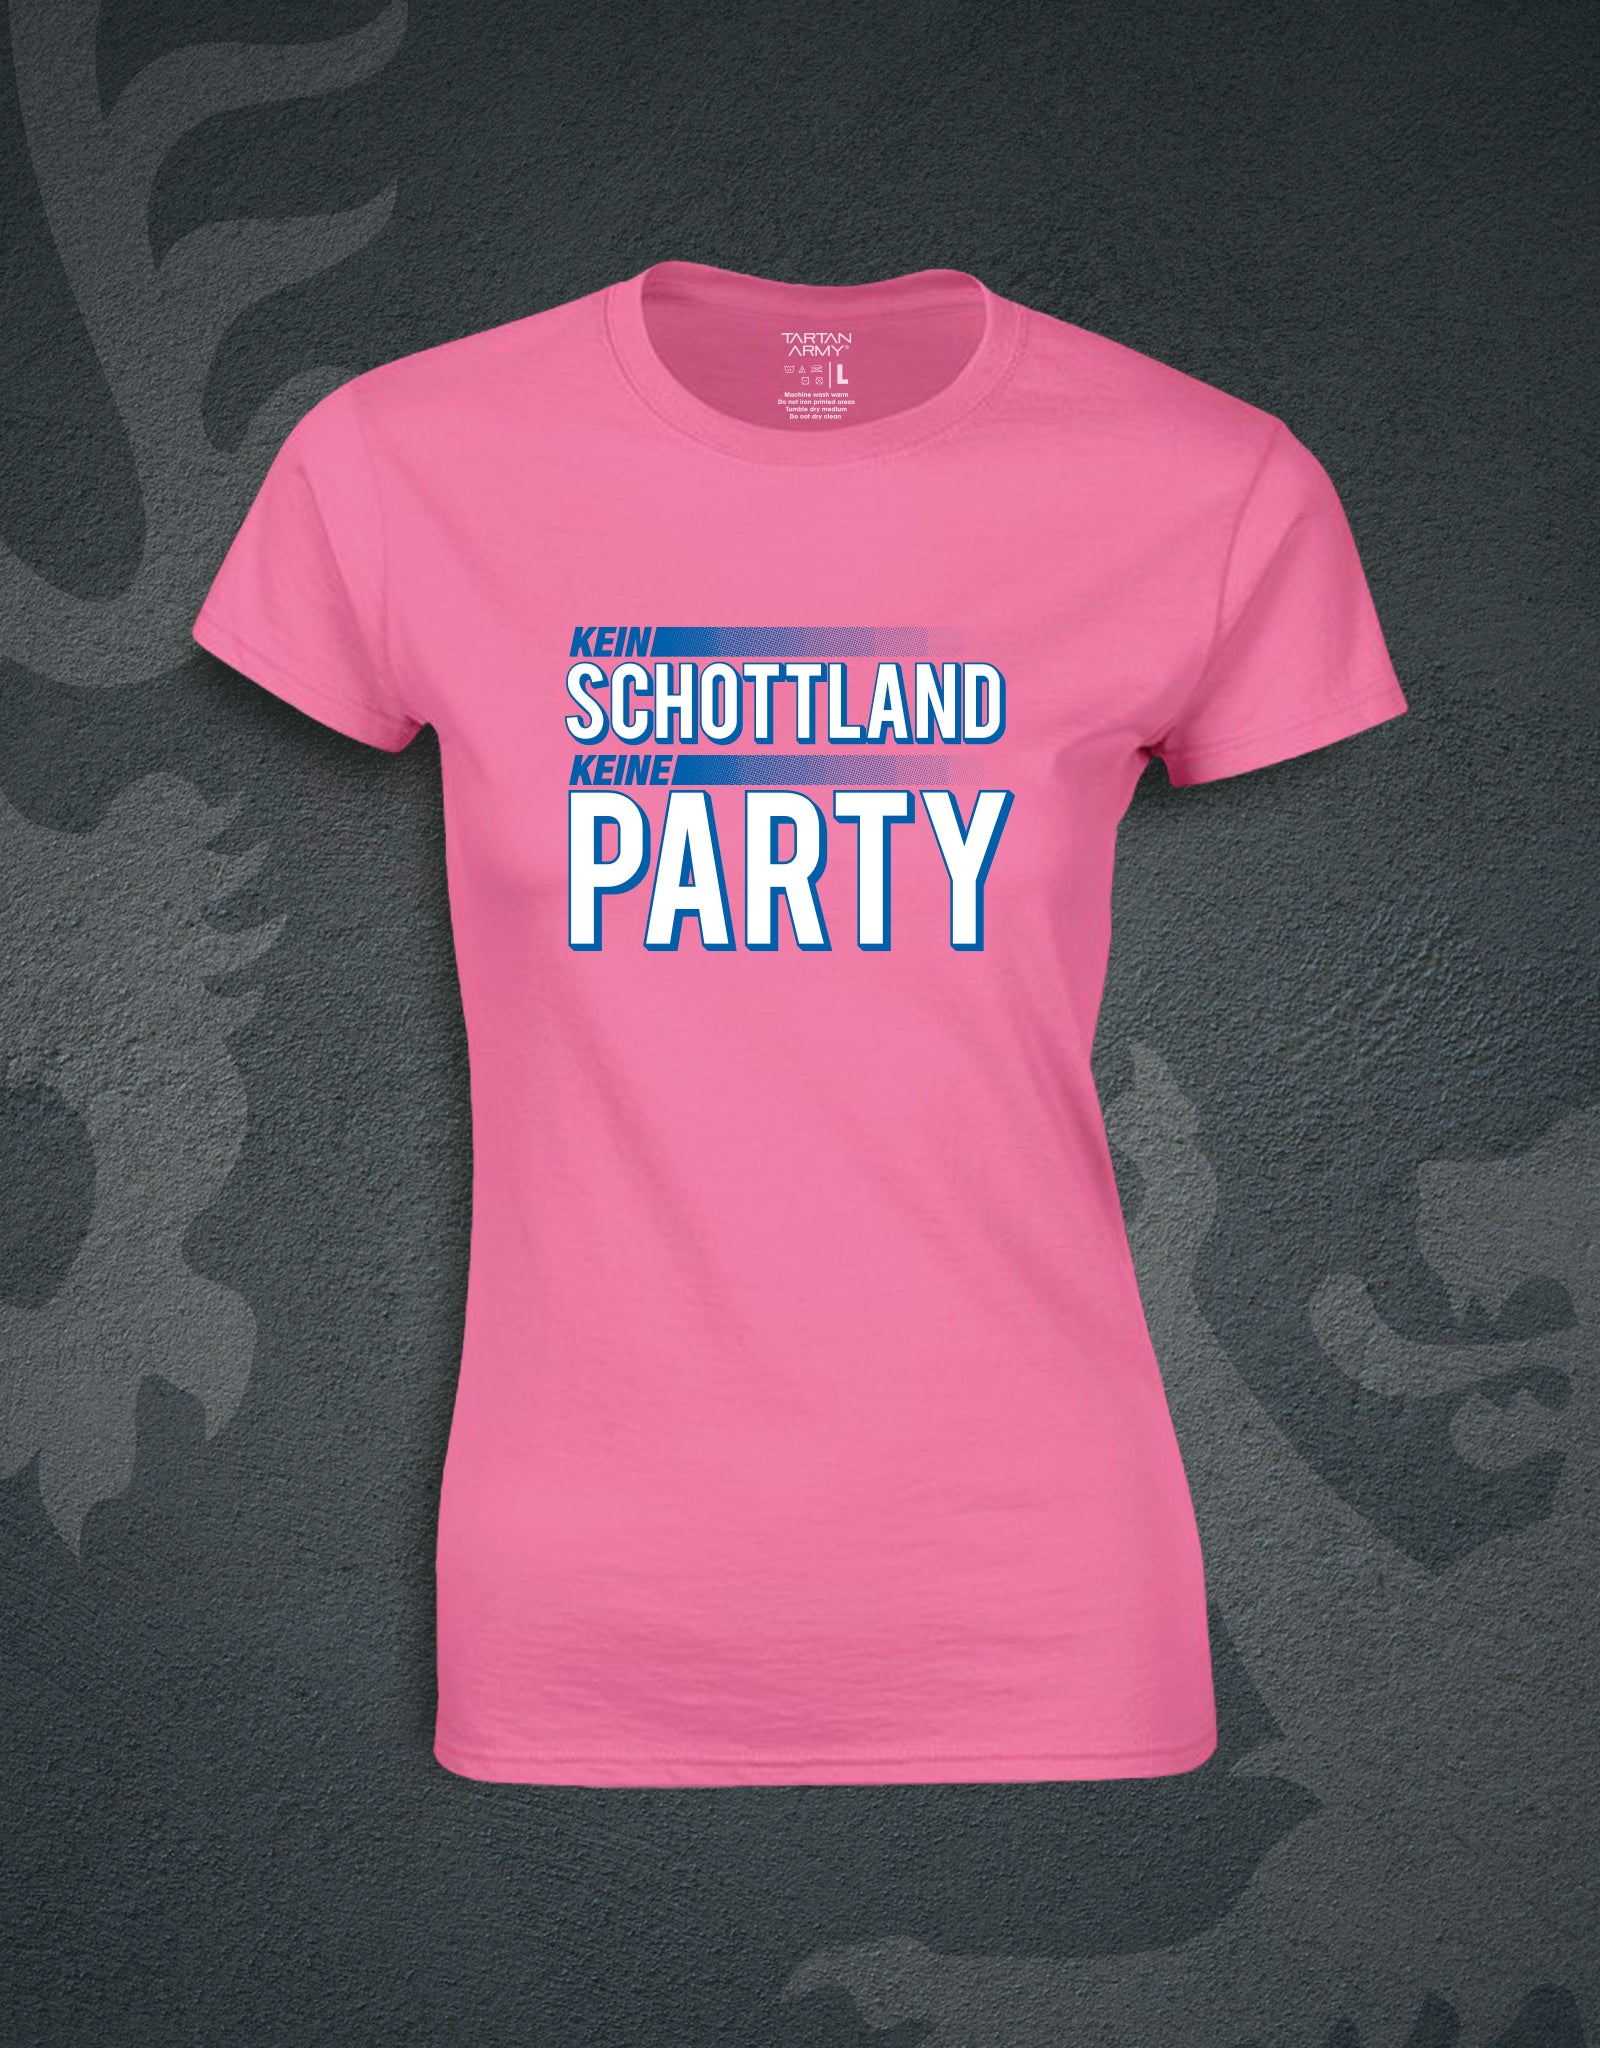 Kein Schottland Fitted T-Shirt | Pink | Official Tartan Army Store
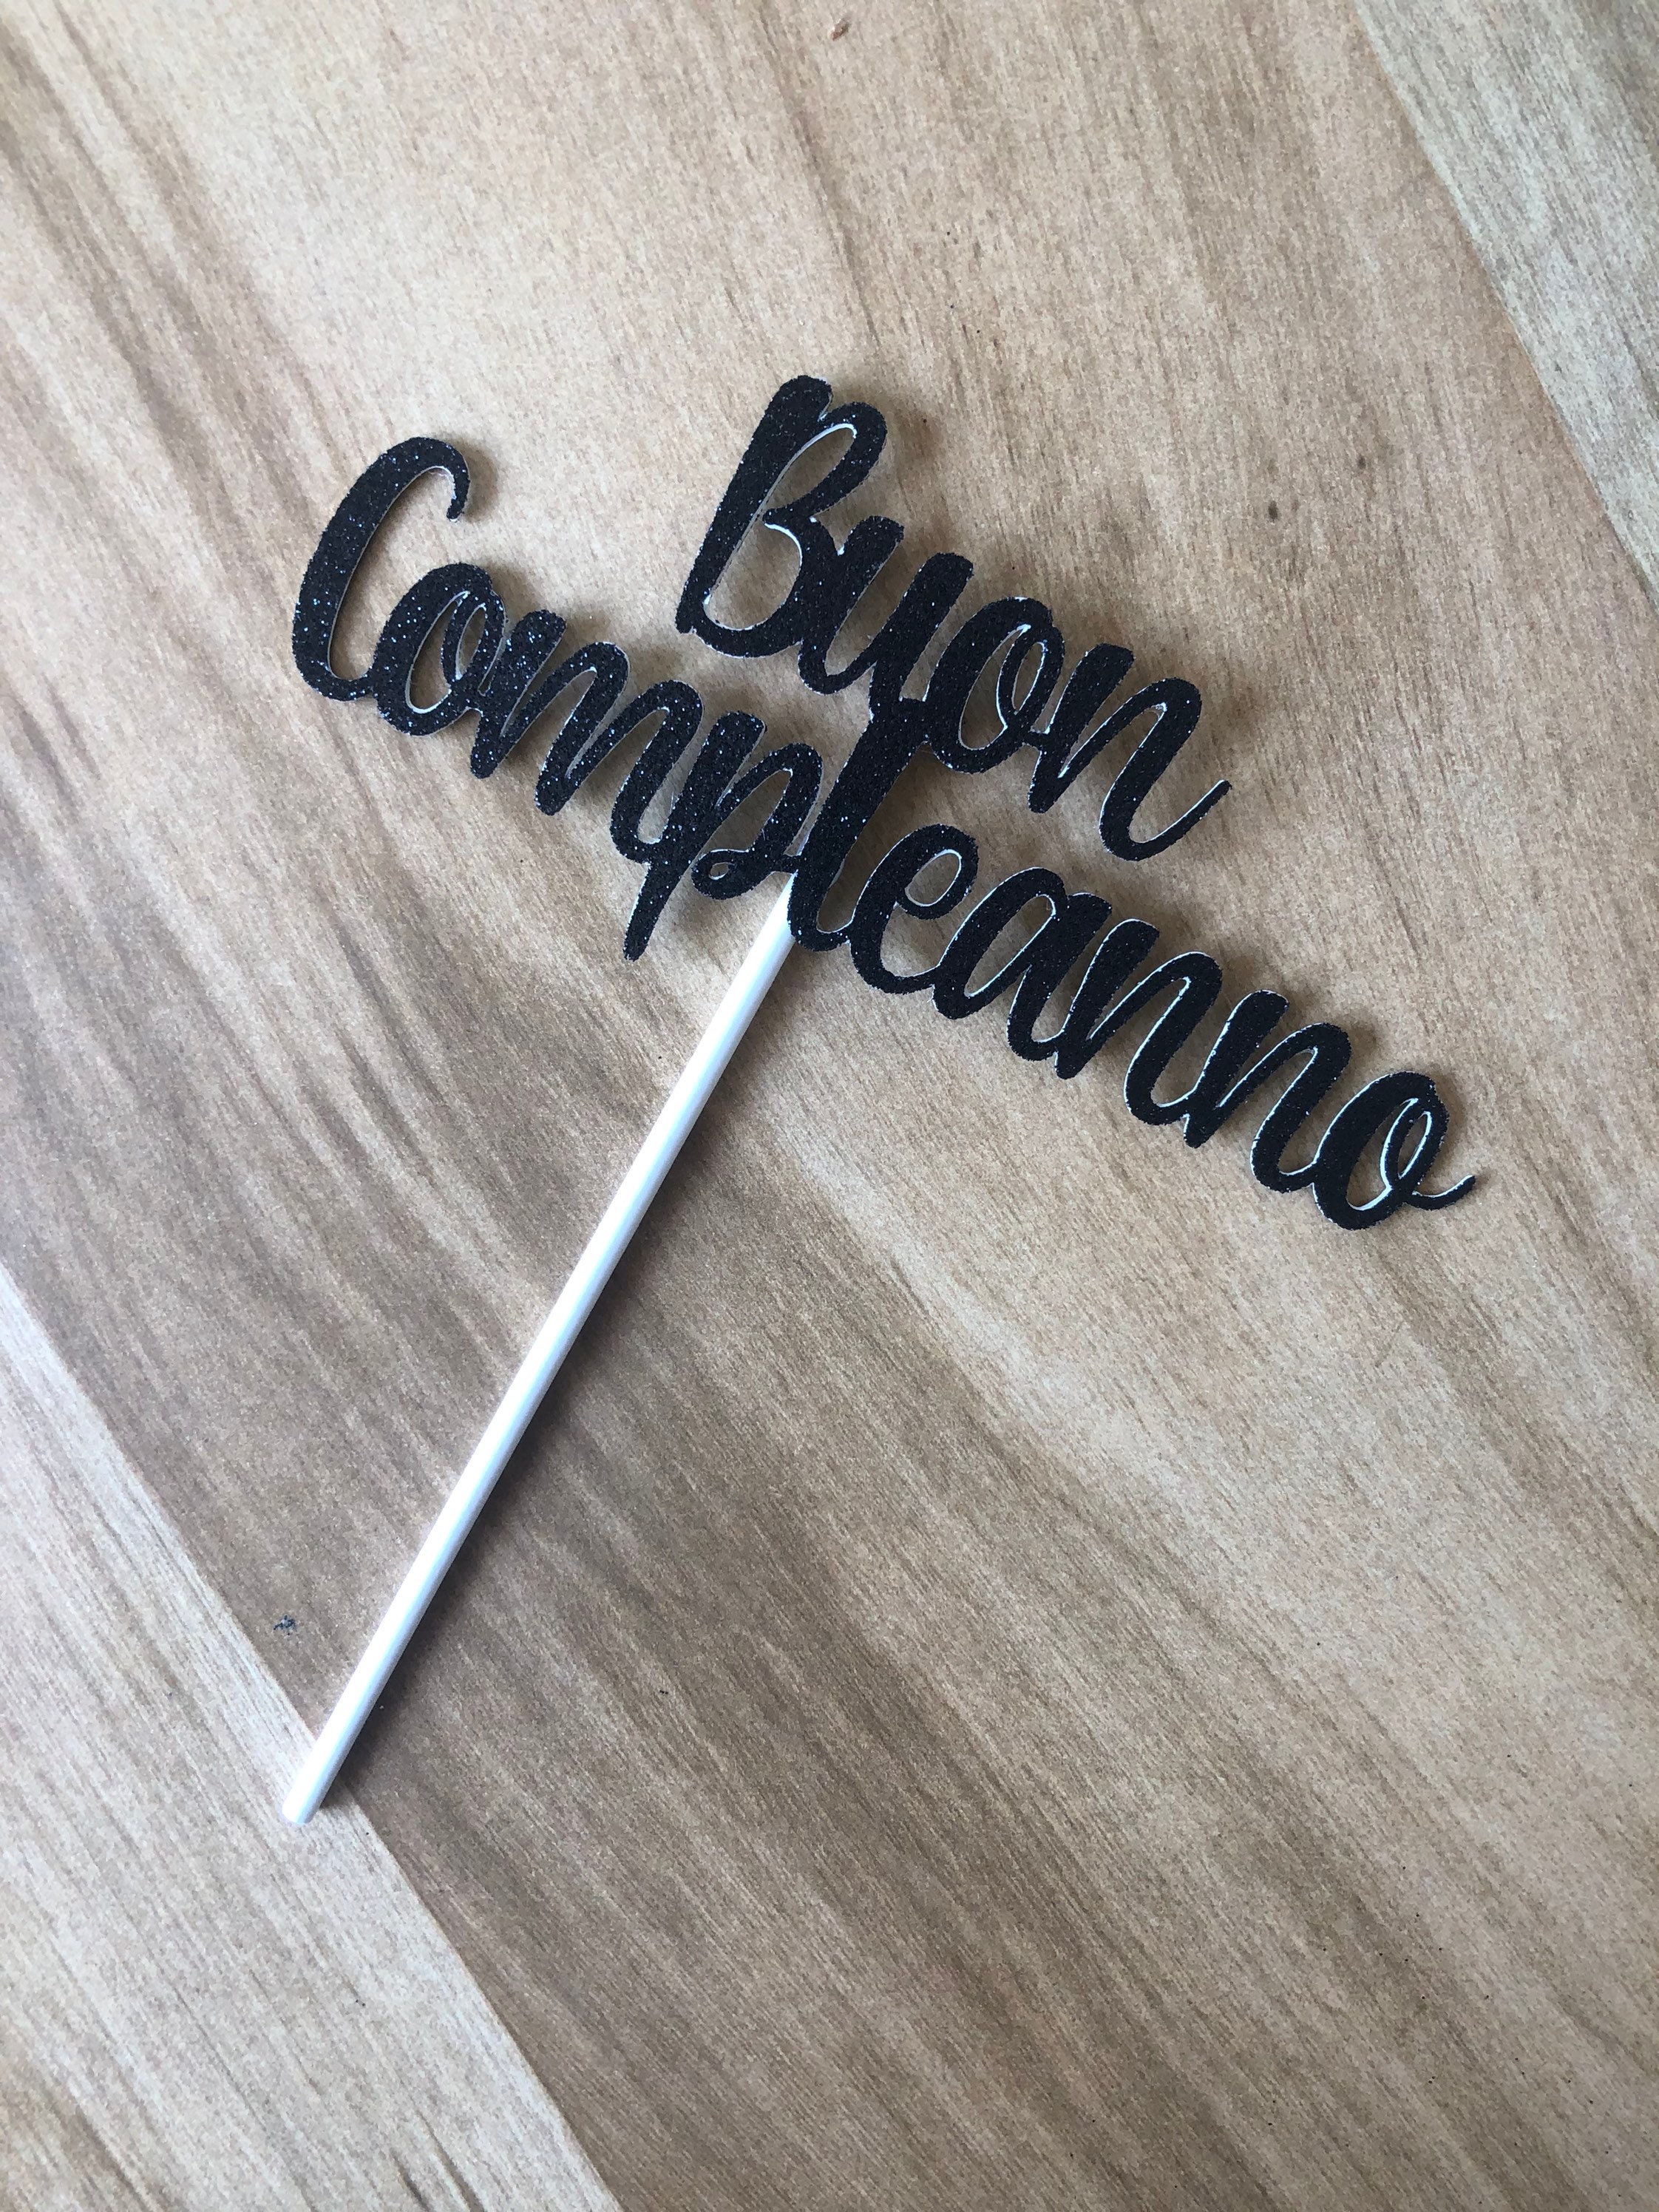  INNORU Buon Compleanno Cake Topper, Happy Birthday Cake Topper,  Italian Theme Birthday Party Decorations Supplies, Navy Blue Glitter :  Grocery & Gourmet Food
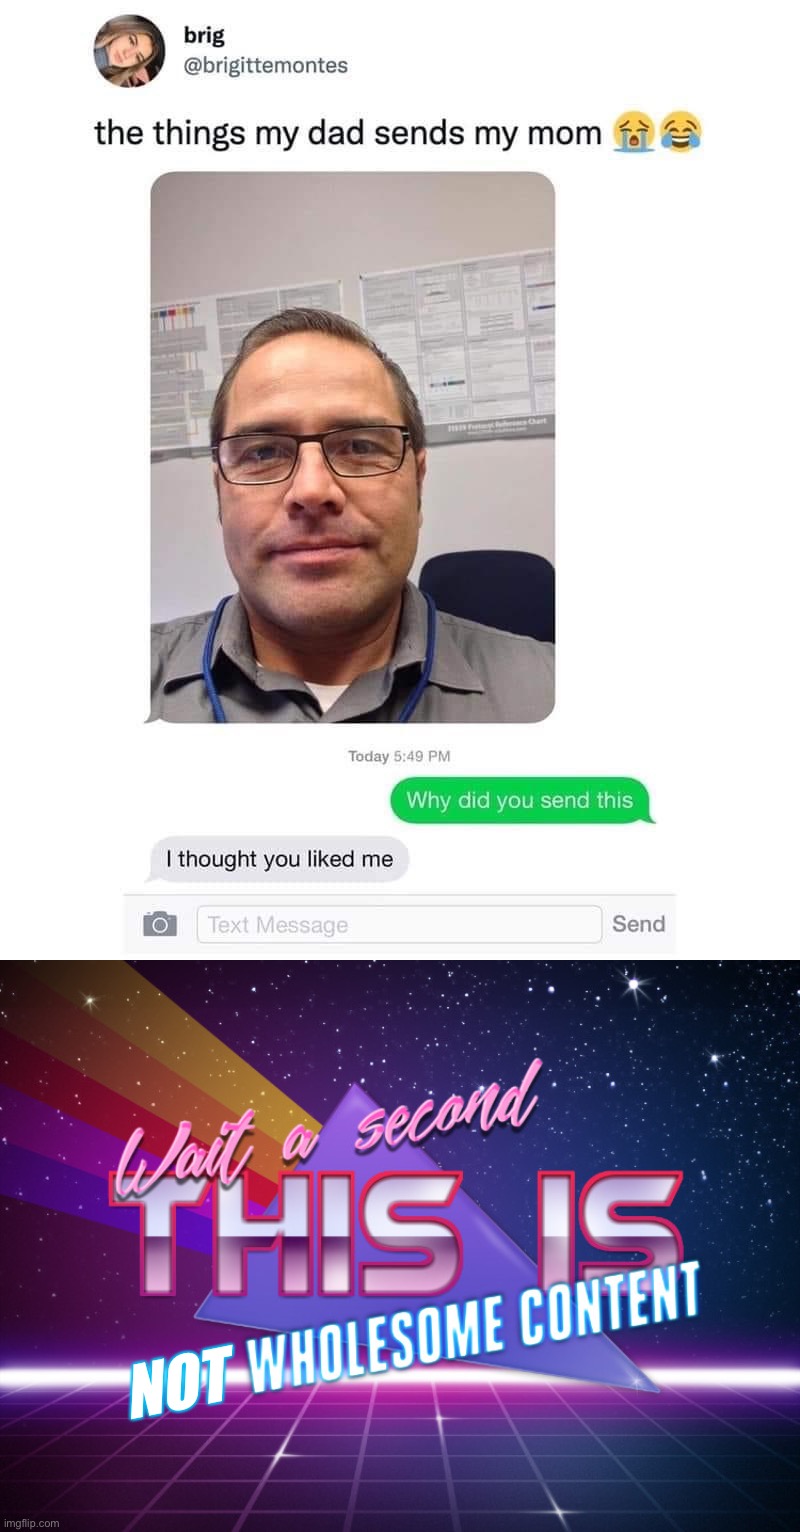 NOT | image tagged in things my dad sends my mom,wait a second this is wholesome content,wait a second this is not wholesome content,selfie,ouch,oof | made w/ Imgflip meme maker
* * * * * * * * *
Transcribe the whole listing above exactly and leave out the pictures.

 Kein Schottland Fitted T-Shirt | Pink | Official Tartan Army Store
  INNORU Buon Compleanno Cake Topper, Happy Birthday Cake Topper,  Italian Theme Birthday Party Decorations Supplies, Navy Blue Glitter :  Grocery & Gourmet Food
 NOT | image tagged in things my dad sends my mom,wait a second this is wholesome content,wait a second this is not wholesome content,selfie,ouch,oof | made w/ Imgflip meme maker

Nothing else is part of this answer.